推土机开到祠堂旧址那天,老李头坐在自家门槛上看了整整一上午。
他没去拦。村里人也都没拦。这村子荒了快二十年,年轻人都进了城,祠堂塌了大半,只剩两根石柱子戳在那儿,鸟粪糊了厚厚一层。拆迁队给的价钱不低,各家各户都签了字。
老李头儿子在深圳打工,年初打电话回来说,爹,签了吧,那破地方还能住人?
于是他就签了。
下午三点多,推土机铲斗撞上什么东西,咔的一声响,履带卡顿了一下。司机小陈探出头来看了一眼,骂了句操,又挂了挡。
那东西裹在烂席子里,黑乎乎一卷,被铲斗挑到半空后整个散开。席子落地,里头滚出一把骨头,颅骨磕在石头上,滚了两圈才停下。
小陈急忙刹住车,脸都白了。
工头老周跑过来,看了一眼,转头朝后头喊“老李!老李你过来看看,这是不是你们村的?”
老李头走过去蹲下,没碰那骨头。他看了很久。
席子边上有根针,已经锈透了,弯成一道弧形。
老李头站起来,直接往回走。
“谁家的啊?”老周在后头喊。
“不知道。”老李头没回头,“埋回去吧。”
当晚老周开车去镇上,买了纸钱,带着小陈把那堆骨头敛进编织袋,在祠堂旧址边上挖了个坑埋了。老周信这个。他说动土动了先人,不烧点纸走不脱。
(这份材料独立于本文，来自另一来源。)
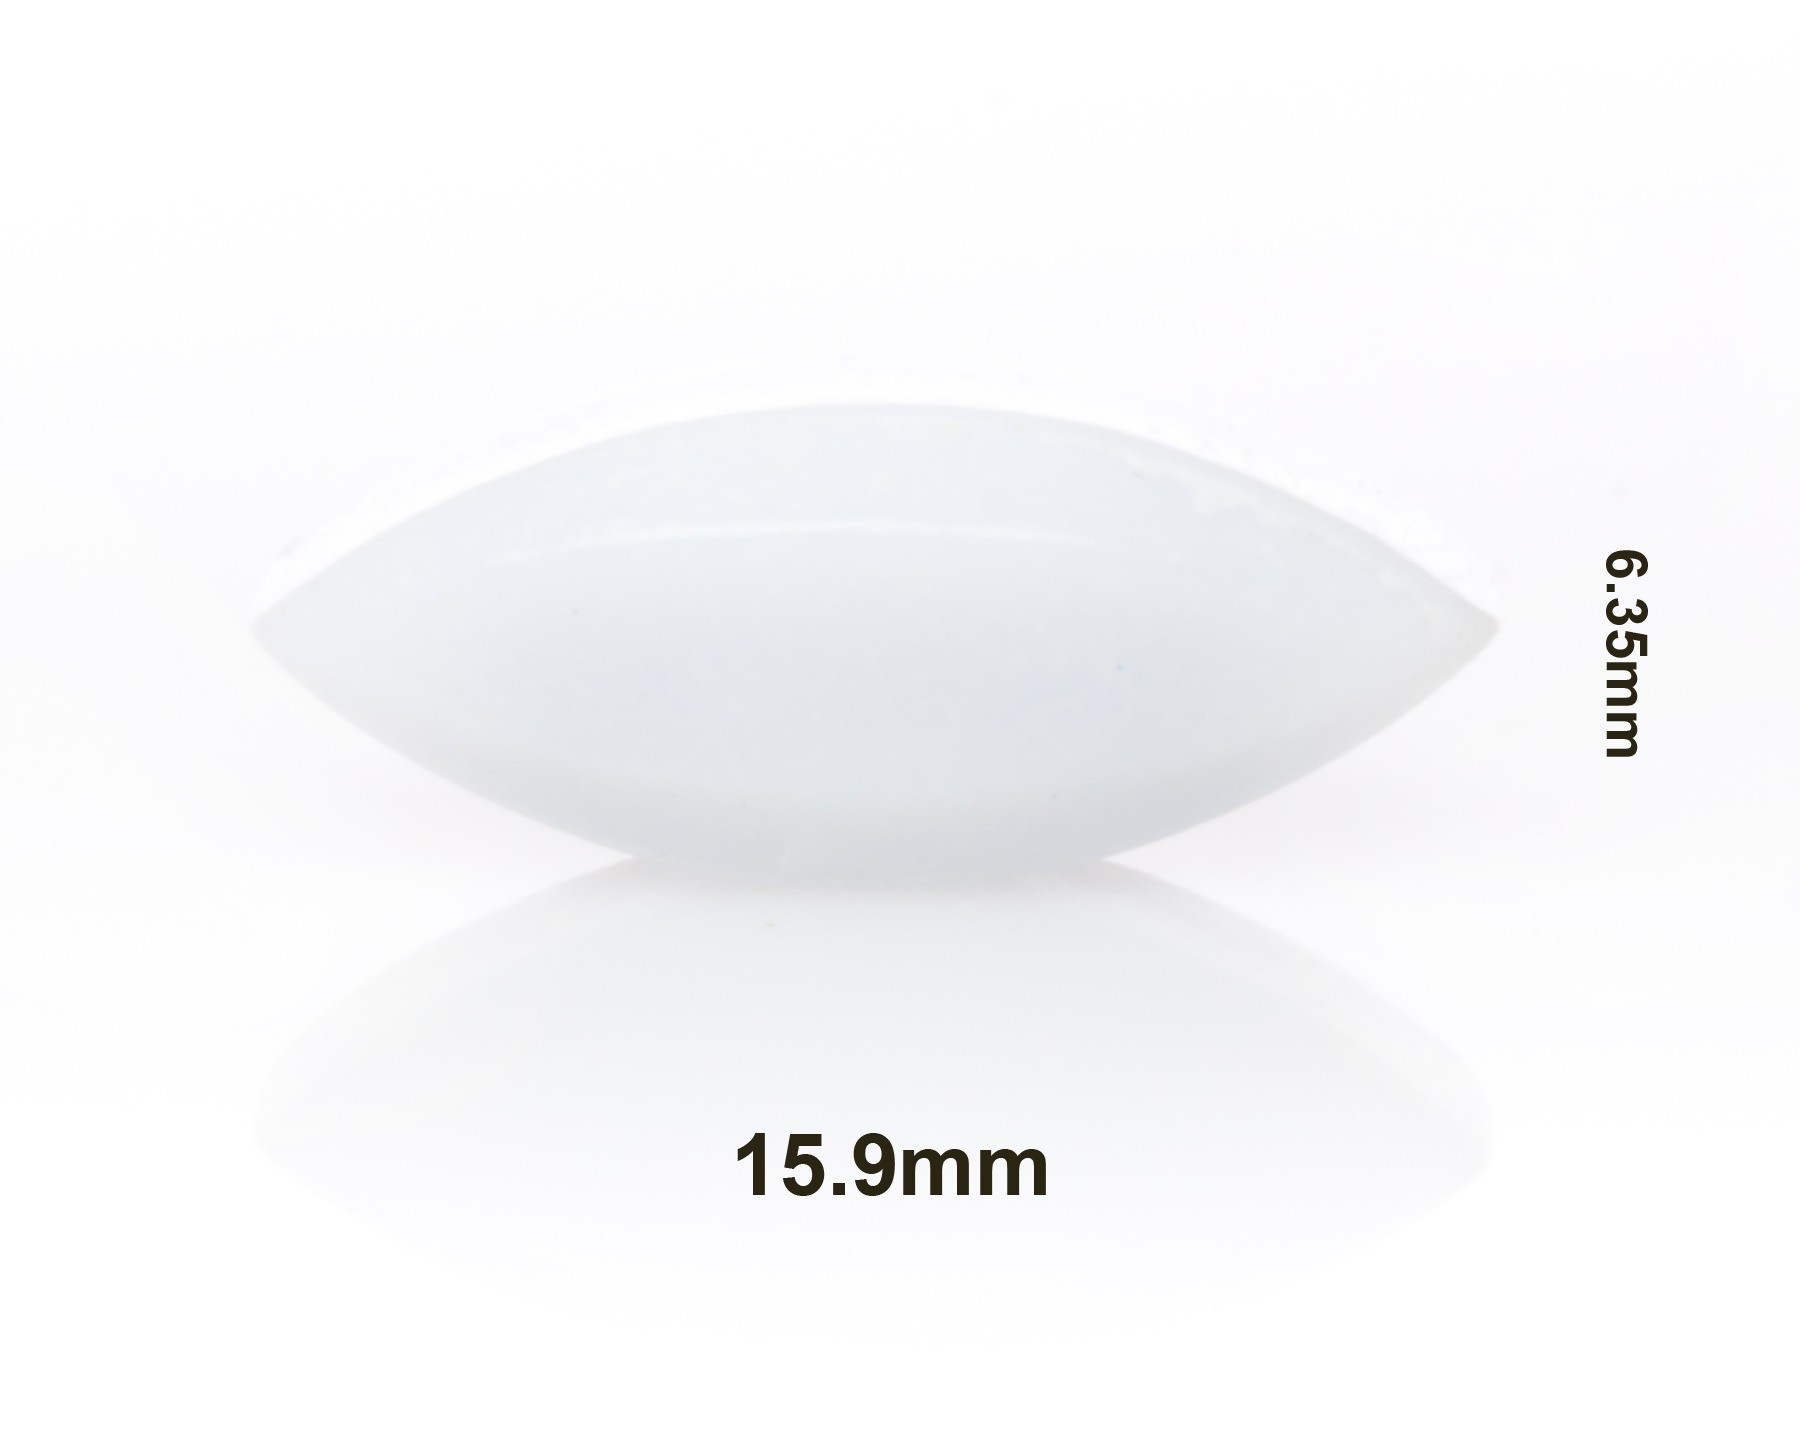 SP Bel-Art Spinbar Teflon Elliptical (Egg-Shaped) Magnetic Stirring Bar; 15.9 x 6.35mm, White

小陈虽说是技校毕业,但好歹也接受过教育,他是不信的。说人都死了多少年了,骨头都朽了,还能作什么妖。
第二天早上,小陈还没起来。
工棚里其他人以为他睡死了,去掀被子。小陈侧躺着,左脸压在枕头上。工友喊他名字,他没有反应。工友便把他翻了过来。
只见他左眼闭着,右眼慢慢睁开来。
“都过来干嘛,多睡会觉都不行啊。”
“小陈!你的左眼怎么了?”一个工人惊呼道。
周围几个工人看到的是,小陈那左眼上下眼睑粘在一块儿了,严丝合缝,睫毛朝下压着。
小陈拿手指去蹭了一下,很硬,但是没有痛觉。眼皮不像是被眼屎糊住,而是长上了。
很快,小陈就被送到镇卫生院。医生扒拉半天,拿棉签蘸了盐水擦,眼皮不红不肿,就是合在一起。医生说你这是先天睑缘融合吧,小时候没做手术?
小陈说,“我他妈前天还好好的。”
医生建议让他去县医院。
县医院眼科主任戴着头灯看了五分钟,说做个切片检查。
小陈说做什么切片,你把它划开不就完了?
主任说你这是上下眼睑组织粘连,不是被胶水粘住了,切开可以,但不知道里面长成什么样。
小陈说那就切。
直到手术刀片划下去,左眼皮从中间豁开一道口子,没流血。眼皮翻开,眼珠子在里头动了一下,转过来,盯着主任的脸。
主任刀停在半空。
那眼珠子是活的。瞳孔收缩了一下,光反射正常。
主任做了二十多年眼科手术,没见过这种情况。上下眼睑的组织像是被什么极其细密的东西缝合过,但不是线,是皮肤自己长在了一起,针脚均匀细密,每隔一毫米一个凹陷,一共七针。
他又数了三遍。确实是七针。
小陈从县医院回来后,没再去工地。他把自己关在工棚里,整天拿手机前置摄像头对着左眼照。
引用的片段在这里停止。